Knowing what your dog needs to be comfortable on a public patio can vary widely from dog to dog. If you have a high energy dog, making sure they get a good walk in before your visit is a great idea. Bringing a toy or chew to keep them engaged and happy at your table works well for some, but maybe less so for those with guarding tendencies. A blanket or small bed might be a big plus for dogs without the benefit of a thick coat in these early spring days.

And don’t forget the essentials: a water bowl, waste bags, and leash.


Be prepared to leave if necessary.

Dogs are social animals and enjoy spending time with their people. It’s natural for us to feel the same way, and to want to spend time with our dogs. However, not all dogs are suited to public outings. If you know your dog can be reactive towards others, or if they bark non-stop when overstimulated, pull continually on the leash to go say “Hi” to others, they may be more comfortable at home.

Leaving the patio earlier than intended, or even leaving your pooch at home, isn’t admitting defeat. It’s more about knowing your dog’s limitations and not putting them in a stressful situation needlessly. Grab a four- or six-pack to go, and head home to unwind with your pooch in a more calm environment.

a dog on the patio at Black Kettle Brewing in North Vancouver

Keep your dog on a leash and at your table.

Breweries are busy places, and a dog, no matter how friendly, that’s blocking the way for servers and other patrons can be problematic.

Keeping your dog close by ensures that they stay safe (no one wants to accidentally step on a paw or tail!) and that they aren’t able to help themselves to unattended snacks at the next table over. And of course, there are some people who simply don’t like dogs or may have allergies. Having our dogs with us on patios is a privilege — keeping your dog with you and not allowing them to wander ensures that other patrons are comfortable, and therefore less likely to object.


Go for potty breaks and clean up any accidents.

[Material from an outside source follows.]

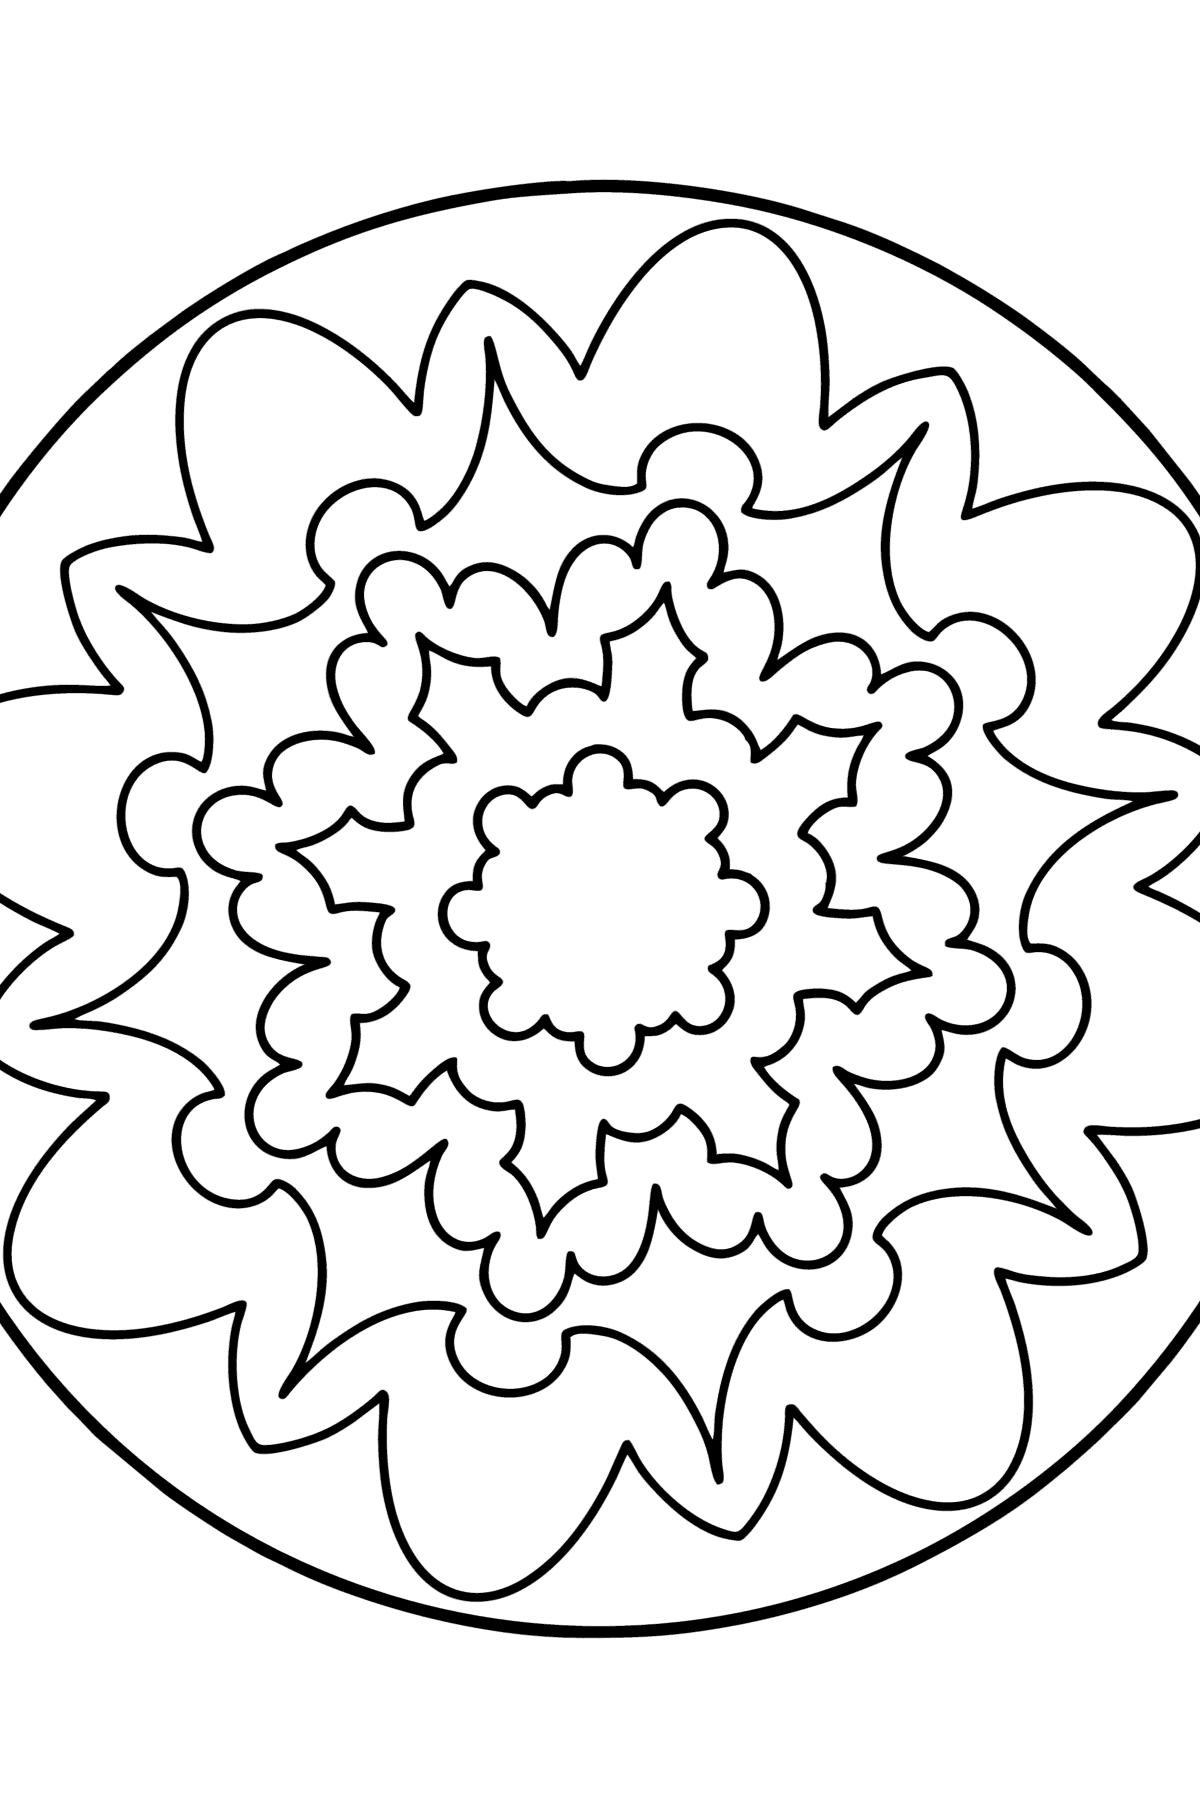 Dibujo para colorear Mandala - 6 elementos - Dibujos para Colorear para Niños

If you’re planning to stay for a while, be sure to take your dog for a potty break. If you’ve had to use the facilities during your stay, your dog very well might as well. Keep an eye out for cues that they may need a break. And this might seem obvious, but if an accident does happen, clean it up. You should be prepared with bags for any, shall we say, solid deposits, but ask staff for the best way to deal with a liquid oopsies.


a puppy on the patio at Fuggles Beer
A very good dog at Fuggles Beer (photo: Fuggles Beer)

We’d be remiss not to include some reminders for humans as well. As much as we might want to pet all the dogs, it’s not always welcomed or appropriate.


Always ask before approaching.

This applies to kids, adults, and everyone in between. Just because the adorable little fluff ball at the table next to you looks to be eyeing you up for a snuggle, doesn’t mean that they welcome attention. Consider this scenario: as much as we all want to love on adorable, wiggly, puppies, they may be working on training at the time. Teaching a young dog to lie calmly at your side without jumping up every time someone approaches is a valuable and necessary behaviour. Approaching a dog and allowing them to do that very behaviour can set back training in a frustrating way for the owners.

There are many reasons why someone may trust their dog to come to the brewery, but not to be approached by strangers — always ask, and always respect the answer given by the dog’s handler.


Never, ever feed a dog anything without permission.

Maybe you’ve always snuck your furry friend the odd tidbit from your plate, especially on special occasions. Maybe that choice is OK for you and your dog. But feeding others might result in anything from an upset tummy to a full-on allergy attack or gastro episode requiring veterinary intervention. It might seem like a harmless little treat, but it can do damage. Check with the handler, and again: respect their answer.

Many, if not most, breweries are family friendly. And what are dogs, if not members of the family? It’s getting increasingly common to see dog-friendly patios filled with happy wagging tails and smiling humans.

And the more we can do to be responsible dog owners and keep this momentum going in a positive way, the better.